And it's worth noting that while man mmap on macOS doesn't indicate what happens when the protections are violated (that is, if you try to read, write, or execute in violation of the set protections) the related function mprotect has this to say in macOS 14.3 (what I have available):

> When a program violates the protections of a page, it gets a SIGBUS or SIGSEGV signal.

(The Linux man pages for mmap and mprotect indicates SIGSEGV would be signaled.)

So the past use and assumption (SIGSEGV or SIGBUS) are consistent with the expectations of mmap and mprotect given the documentation provided.

You are of course completely correct.

However, I still stand by my pseudocode - I claim that it will give a fairly accurate impression of the basic concept of zero-cost access checks to a reader who isn’t familiar with low-level systems programming. (That said, I have updated my comment to make it clear it’s more of a metaphor than a literal description.)

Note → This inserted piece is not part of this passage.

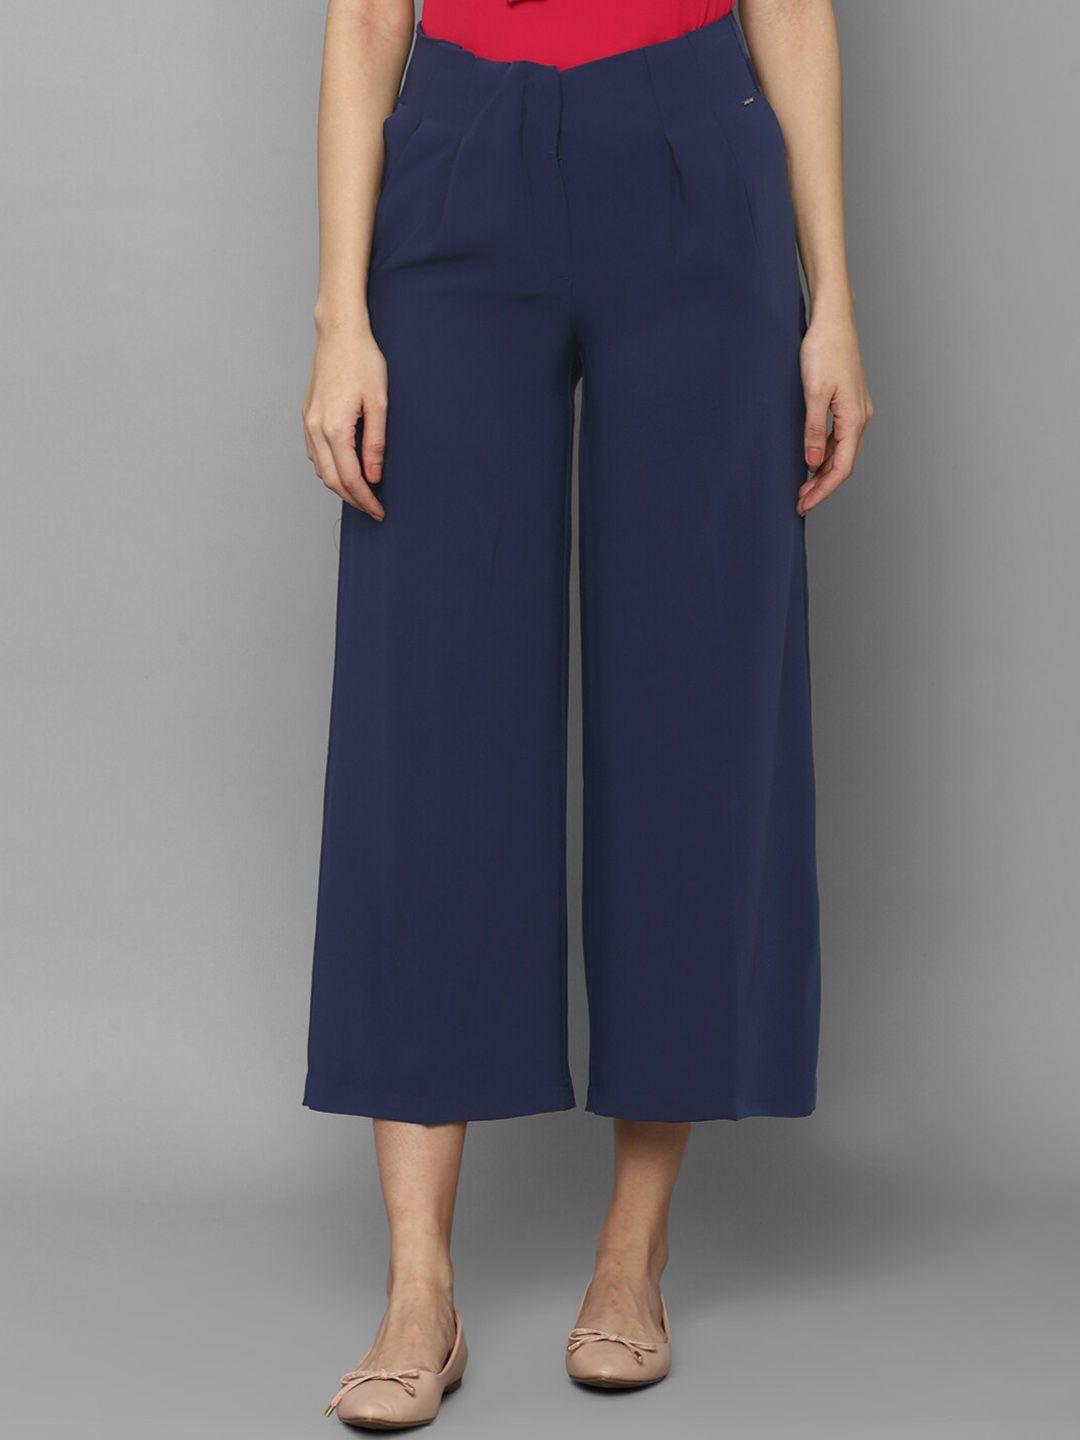 allen-solly-woman-women-navy-blue-pleated-culottes-trousers

A talk at FOSDEM this year [0] describes how the OpenJDK JVM relies on triggering SIGSEGVs in order to efficiently implement thread-local safepoint checks - I wonder if that would also be affected?

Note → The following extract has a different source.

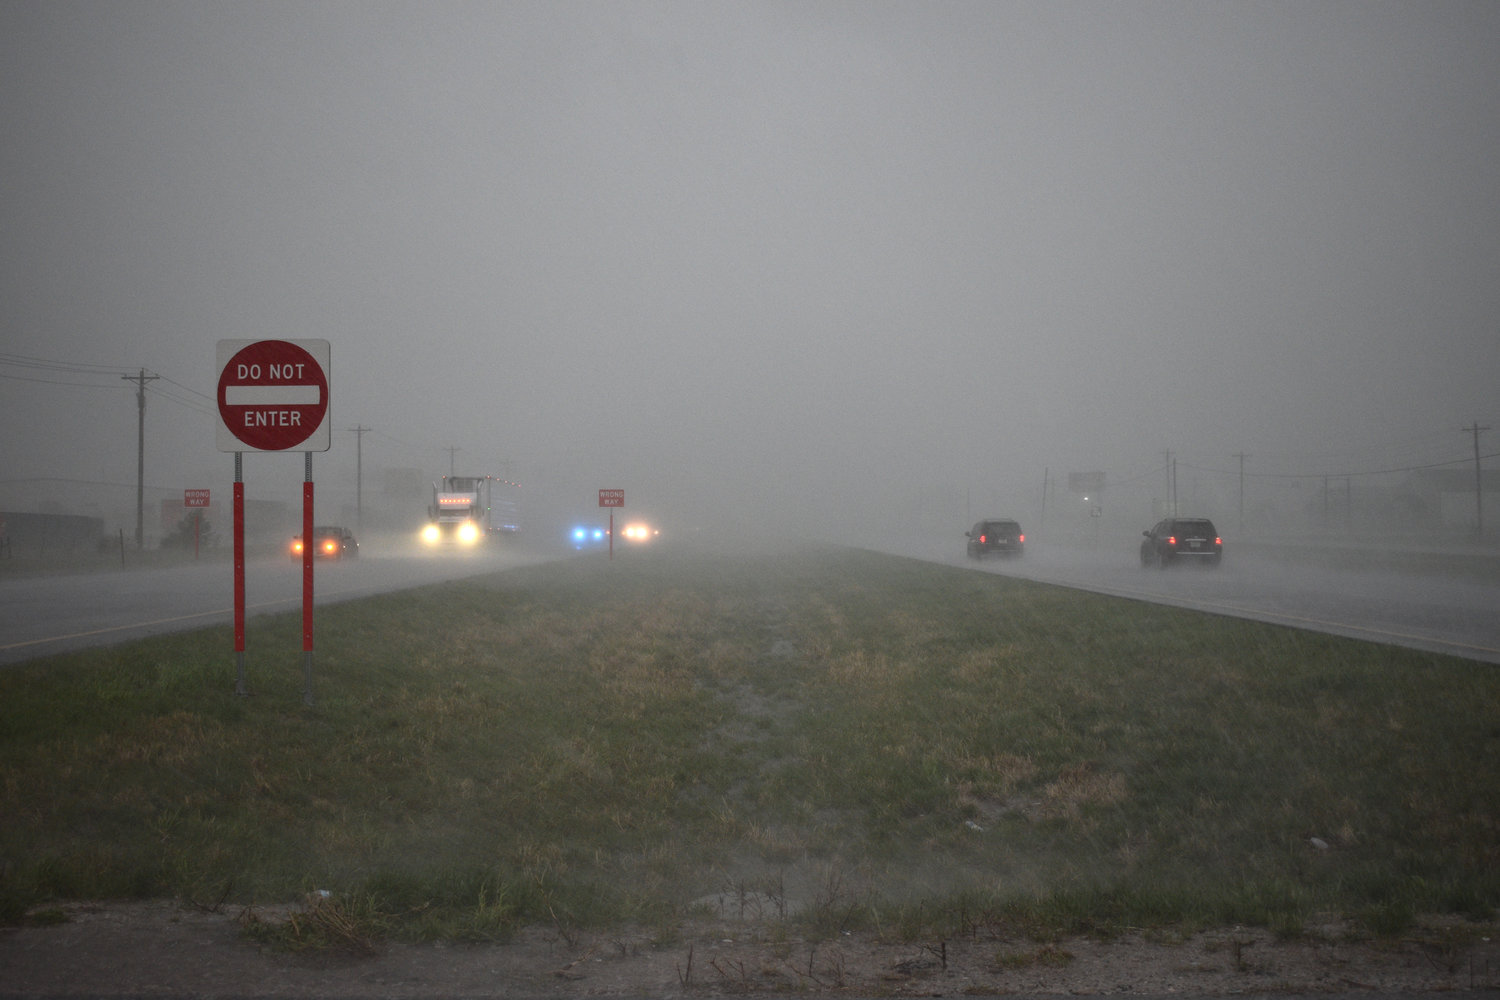 Looking north on Mo. 13, south of Bolivar, there appears to be a thick fog as significant hail drops from the sky.

[0]: https://mostlynerdless.de/blog/2023/07/31/the-inner-workings...

> I also wonder what happens in the (extremely rare) case where the signal the JVM is trapping is a real segfault, and not an operating system signal.

Just an educated guess, but the JVM knows if a thread may expect a segfault at a given point or not. If no thread expects one, then I assume the segfault handler just writes out that a segfault happened with some useful info, and terminates the program. I mean, I’m sure about the effect as I have caused a JVM to segfault a couple of times with native memory, so it handles it as expected.